The CX Solution Is To First Understand Where, When and How AI Will Be Valued By Customers

Despite all the enthusiasm by VCs, startups and brand executives, we still don't know how much customers will be willing to replace humans with machines at every touchpoint. We have decades of experience with “the Uncanny Valley”, including everything from the creepy, dead-eyed characters of the movie, “Polar Express” to the rigid, frustrating interactions with corporate IVR (A/K/A “voice jail”) systems. Do we really think that an AI expressing it “understands why that would be frustrating” to customers will do more good than harm?

Some corporate executives will be quick to foresee a future of infinite self-service (and endless cost savings) by replacing employees with AI. Smarter leaders will move quickly but cautiously to understand not just where AI brings value to business results, but where customers value AI and where they value human interactions in the customer journey. Deploying AI to the right customers in the right places at the right time will separate brands that improve their customer experience and relationships from those that do not.

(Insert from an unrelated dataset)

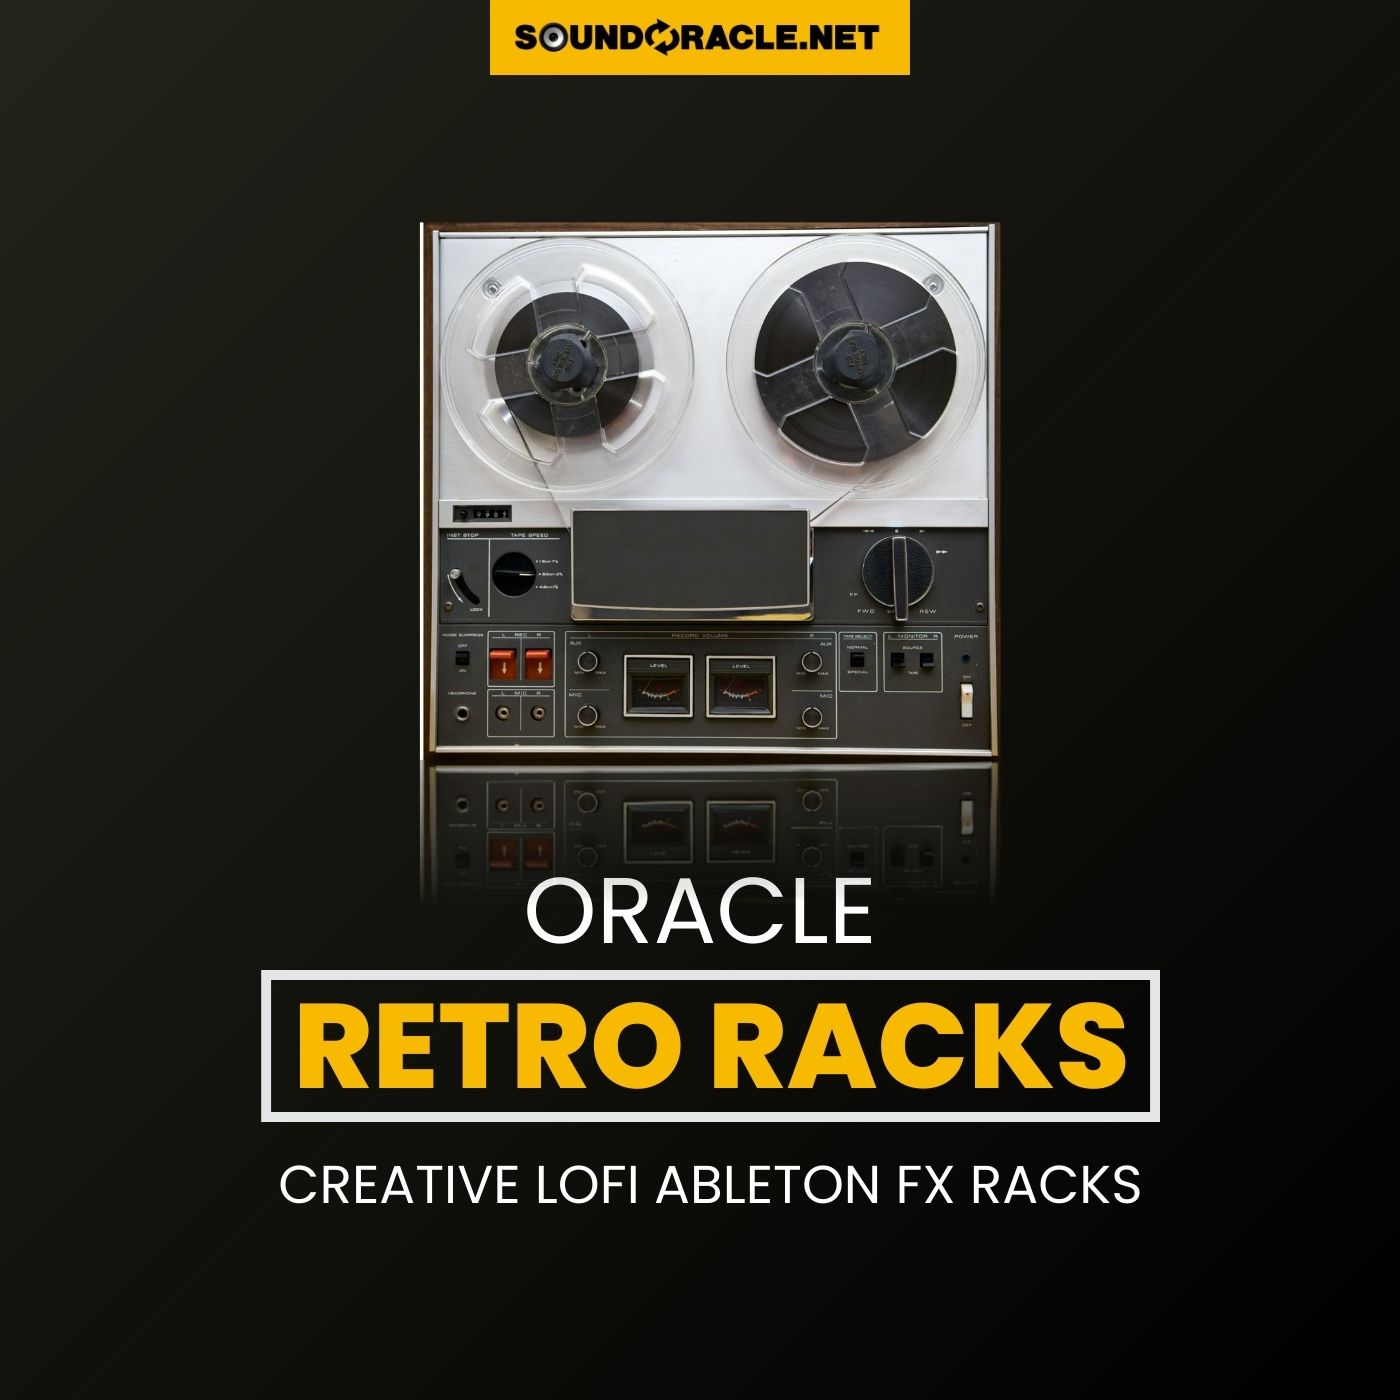 The Oracle Retro Racks

The first step in our AI future isn't to rapidly digitize every customer experience. Instead, you must start by understanding the customers you serve and their expectations, needs, and wants. What customers are more open to greater self-service and interactions with bots, and which are not? If you can't tell the difference, you aren't ready for AI-managed CX. That's just the first question of many: In which touchpoints are humans most valued?
  • In which touchpoints will customers most appreciate AI experiences?
  • How will you proactively recognize the best digital or human journey to orchestrate?
  • How will you recognize what the customer wants and needs at the moment and match that to your available products, services, and experiences?
  • How will you change the development of your products, services, and experiences to allow for greater real-time response and customization?
  • How will you grant customers to control the type of experience they want?
  • How will you recognize when AI experiences require a human escalation?
  • How will you measure the impact of AI customer experiences, not just to your costs but to perception and loyalty of your customers?

Before you start worrying about the state of your tech stack and data, these are the questions you must first answer. The answers will tell you where to focus your energies to strengthen customer relationships rather than simply create better margins.

The thing to remember about AI is that it must first serve humans. Using AI with a customer-centric lens is the future to strong customer relationships and brand success. But corporations that only adopt AI with a brand-centric viewpoint will simply find very efficient, effective, and speedy ways to destroy their customer satisfaction, reputation, and relationships.

This post was written manually without any assistance from an AI, which is probably evident because of any grammatical mistakes I made. Please forgive any human foibles.